I figured the next one of us to move would take a bullet, but then Cassie Stone stepped into the doorway from the pool area. Her long hair fell in a twist behind her head. Water ran off her tanned skin. Her nipples protruded through her bikini top. She looked at the gun in the bloody man's hand and shook her head like she was disappointed.

She was the most amazing sight I could imagine on a cold October morning.

She stared at Samuelson and his gun, and a coy smile found her mouth. “Turn-ons?” she said, putting a finger to her lips. “Sunsets, sushi dinners, candlelight, sleepy-eyed men.” She stepped toward Samuelson, dripping on the tile floor. He watched her, transfixed. We all did. “Turnoffs?” She pointed the finger at Samuelson's chest. “Ghouls.”
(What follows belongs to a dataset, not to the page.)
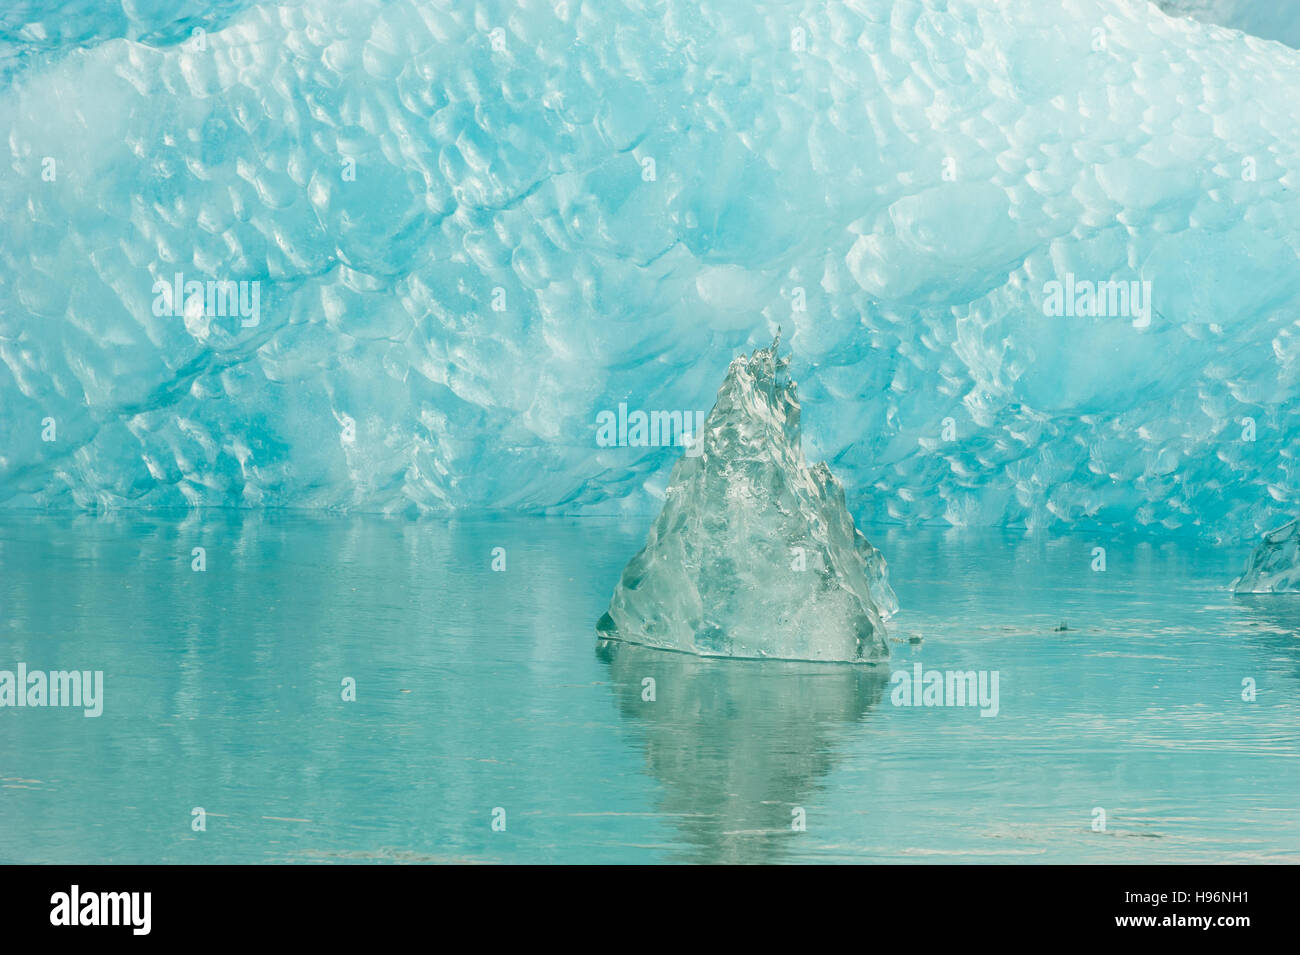 Climate change impact, an ice block surrounded by clear ice in flowing water Stock Photo

She reached for him like she wanted to caress his groin. But instead she took the gun from his hand. The shock of her in a bikini seemed too much for him. She looked at the gun like it was a strange toy, turned it over and over in her hands, got bored of it, and dropped it on the breakfast table.

David Stone and I reached for it. He got there first. But I opened my palm to him.